In order to demonstrate the computational efficiency of the proposed D3QN, the training time, decision-making time, the number of trainable parameters, and performance improvement rate are summarized in Table 3. It takes 196.0111 and 415.5845 s for DQN and SARSA to reach convergence, respectively, while the proposed D3QN takes 244.1469 s. Furthermore, although D3QN possesses the largest number of trainable parameters, the decision-making time of D3QN is close to the other two algorithms, which demonstrates that D3QN can be implemented in real-world applications. From Table 3, one can conclude that the computational cost of D3QN is slightly larger than DQN and SARSA, which is still in an acceptable range. However, it should be noted that it is mainly because of many trainable parameters. Moreover, the performance improvement rate of D3QN is the biggest, which is an important criterion to evaluate different algorithms. Generally, it is worth increasing some computational complexity while the performance can gain enough improvement.

6. Conclusions

Considering external conditions such as wind energy resources, demand response load, and market electricity price, this paper puts forward a new research method of wind-storage cooperative decision-making based on the DRL algorithm. The main work of this paper is summarized as follows:

(1) This paper proposes a new wind-storage cooperative model. Based on the conventional model including wind farms, energy storage systems, and external power grids, this paper also takes into account a variety of flexible loads based on demand response, including residential price response loads and thermostatically controllable loads (TCLs). Meanwhile, this model also can be applied to other renewable energy sources, such as photovoltaic power generation, hydroelectric power generation, and thermal power generation.

(2) This paper proposes a new wind-storage cooperative decision-making mechanism using D3QN, which takes the energy controller as the central allocation controller of the system energy, realizing the direct control of TCLs and the indirect control of the residential price response load, and the management of priority between ESS and the external power grid in the case of sufficient or insufficient energy.

(3) It is worth mentioning that the application of the D3QN algorithm is a new attempt in the research field of wind-storage cooperative decision-making. Based on the historical data of wind farm and market electricity prices, the effectiveness of D3QN in dealing with the wind-storage cooperative decision-making problem is verified, and the superior performance of D3QN is also analyzed.

Author Contributions

Conceptualization, S.Z. and W.L.; methodology, S.Z. and W.L.; validation, S.Z., W.L. and X.Z.; writing—original draft preparation, S.Z., W.L. and Z.Q.; writing—review and editing, S.Z. and W.L.; supervision, S.H.; project administration, S.H.; funding acquisition, S.H. All authors have read and agreed to the published version of the manuscript.

Funding

This research was funded by Science and Technology Project of China Southern Power Grid Yunnan Power Grid Co., Ltd., grant number. YNKJXM20220048, China Postdoctoral Science Foundation, grant number. 2021MD703895.

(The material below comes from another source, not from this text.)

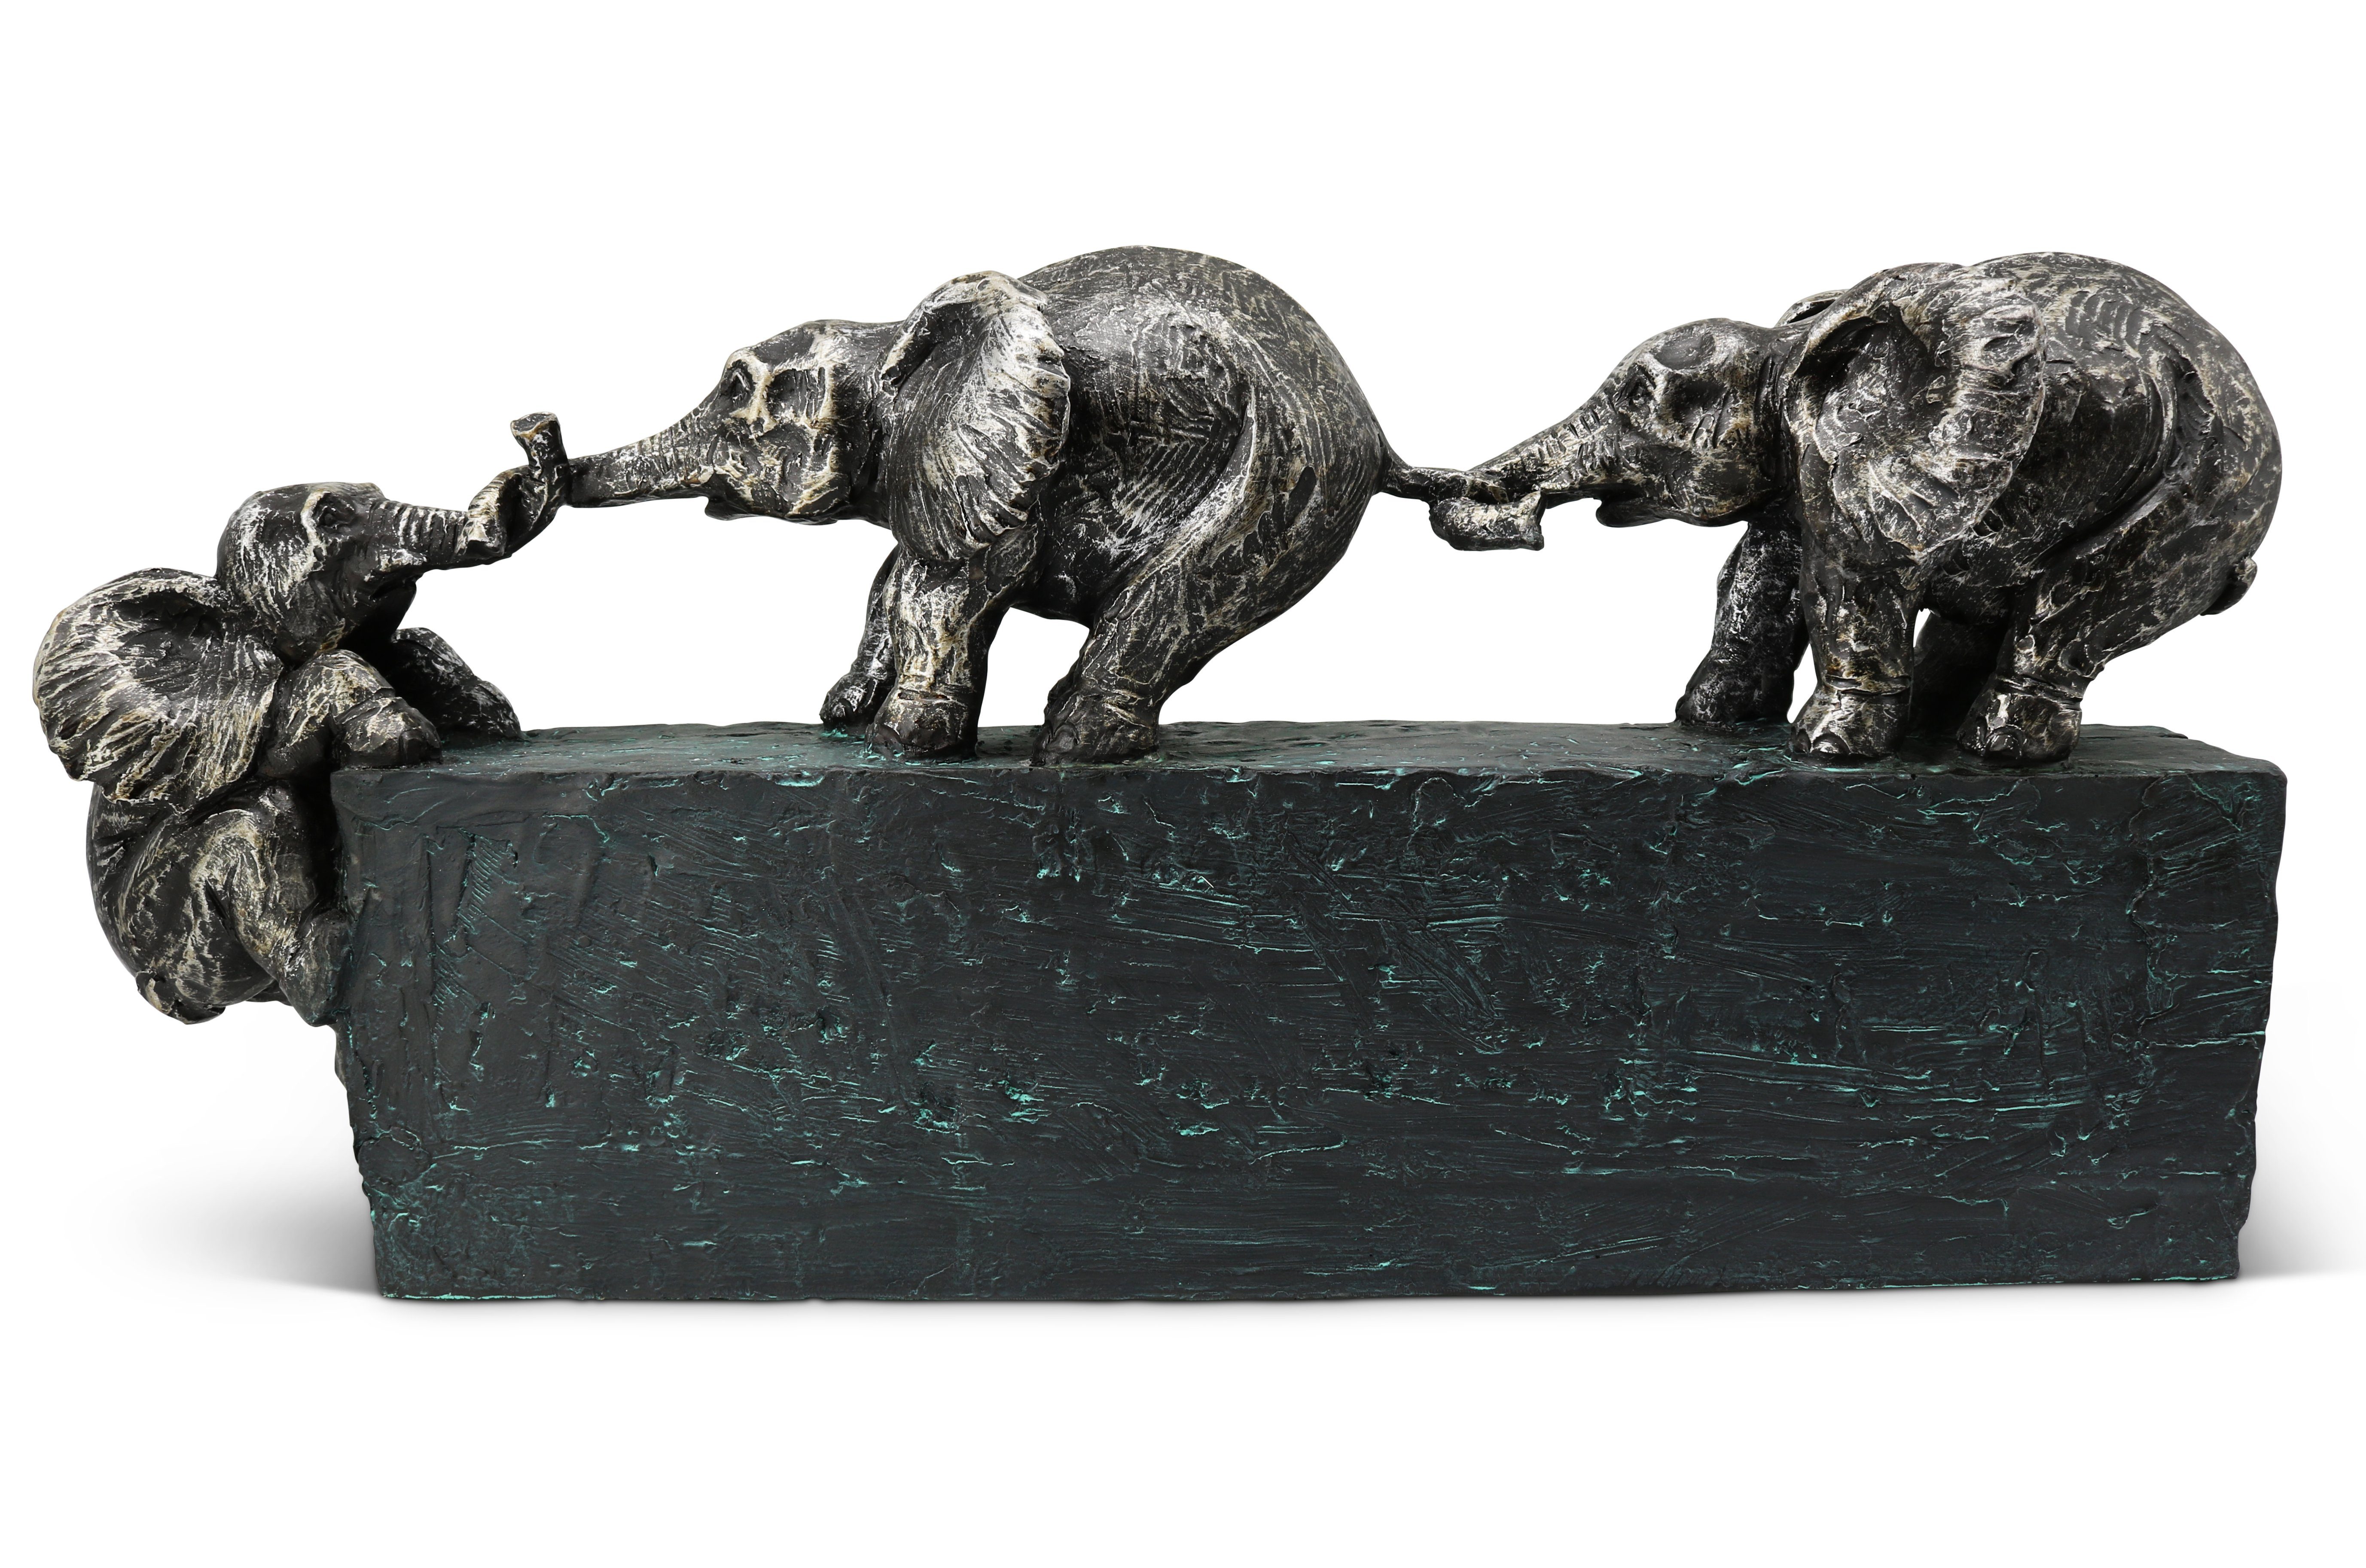 Feinknick Skulptur Familienbande - Zeitloses Symbol für Zusammenhalt in Familie & Team, Elefanten Dekoration aus Marmorit-Polyresin 43 cm lang

Institutional Review Board Statement

Not applicable.

Data Availability Statement

Data sharing are not applicable.

Conflicts of Interest

The authors declare no conflict of interest.

References

Li, J.; Zhao, H. Multi-Objective Optimization and Performance Assessments of an Integrated Energy System Based on Fuel, Wind 541 and Solar Energies. Entropy 2021, 23, 431. [Google Scholar] [CrossRef] [PubMed]
Bin, L.; Shahzad, M.; Javed, H.; Muqeet, H.A.; Akhter, M.N.; Liaqat, R.; Hussain, M.M. Scheduling and Sizing of Campus Microgrid Considering Demand Response and Economic Analysis. Sensors 2022, 22, 6150. [Google Scholar] [CrossRef]
Chu, Y.; Fu, S.; Hou, S.; Fei, J. Intelligent Terminal Sliding Mode Control of Active Power Filters by Self-evolving Emotional Neural Network. IEEE Trans. Ind. Inform. 2022. [Google Scholar] [CrossRef]
Almughram, O.; Ben Slama, S.; Zafar, B. Model for Managing the Integration of a Vehicle-to-Home Unit into an Intelligent Home Energy Management System. Sensors 2022, 22, 8142. [Google Scholar] [CrossRef]
Shi, J.; Lee, W.-J.; Liu, X. Generation Scheduling Optimization of Wind-Energy Storage System Based on Wind Power Output Fluctuation Features. IEEE Trans. Ind. Appl. 2018, 54, 10–17. [Google Scholar] [CrossRef]
Sun, K.; Xiao, H.; Pan, J.; Liu, Y. VSC-HVDC Interties for Urban Power Grid Enhancement. IEEE Trans. Power Syst. 2021, 36, 4745–4753. [Google Scholar] [CrossRef]
Kazda, J.; Cutululis, N.A. Model-Optimized Dispatch for Closed-Loop Power Control of Waked Wind Farms. IEEE Trans. Control Syst. Technol. 2020, 28, 2029–2036. [Google Scholar] [CrossRef]
Zhang, Z.; Zhou, M.; Wu, Z.; Liu, S.; Guo, Z.; Li, G. A Frequency Security Constrained Scheduling Approach Considering Wind Farm Providing Frequency Support and Reserve. IEEE Trans. Sustain. Energy 2022, 13, 1086–1100. [Google Scholar] [CrossRef]
Yin, X.; Zhao, X. Deep Neural Learning Based Distributed Predictive Control for Offshore Wind Farm Using High-Fidelity LES Data. IEEE Trans. Ind. Electron. 2021, 68, 3251–3261. [Google Scholar] [CrossRef]
Zhang, K.; Geng, G.; Jiang, Q. Online Tracking of Reactive Power Reserve for Wind Farms. IEEE Trans. Sustain. Energy 2020, 11, 1100–1102. [Google Scholar] [CrossRef]
Wei, X.; Xiang, Y.; Li, J.; Zhang, X. Self-Dispatch of Wind-Storage Integrated System: A Deep Reinforcement Learning Approach. IEEE Trans. Sustain. Energy 2022, 13, 1861–1864. [Google Scholar] [CrossRef]
Ding, T.; Zeng, Z.; Qu, M.; Catalão, J.P.S.; Shahidehpour, M. Two-Stage Chance-Constrained Stochastic Thermal Unit Commitment for Optimal Provision of Virtual Inertia in Wind-Storage Systems. IEEE Trans. Power Syst. 2021, 36, 3520–3530. [Google Scholar] [CrossRef]
Zhang, Z.; Wang, D.; Gao, J. Learning Automata-Based Multiagent Reinforcement Learning for Optimization of Cooperative Tasks. IEEE Trans. Neural Netw. Learn. Syst. 2021, 32, 4639–4652. [Google Scholar] [CrossRef]
Fei, H.; Zhang, Y.; Ren, Y.; Ji, D. Optimizing Attention for Sequence Modeling via Reinforcement Learning. IEEE Trans. Neural Netw. Learn. Syst. 2022, 33, 3612–3621. [Google Scholar] [CrossRef]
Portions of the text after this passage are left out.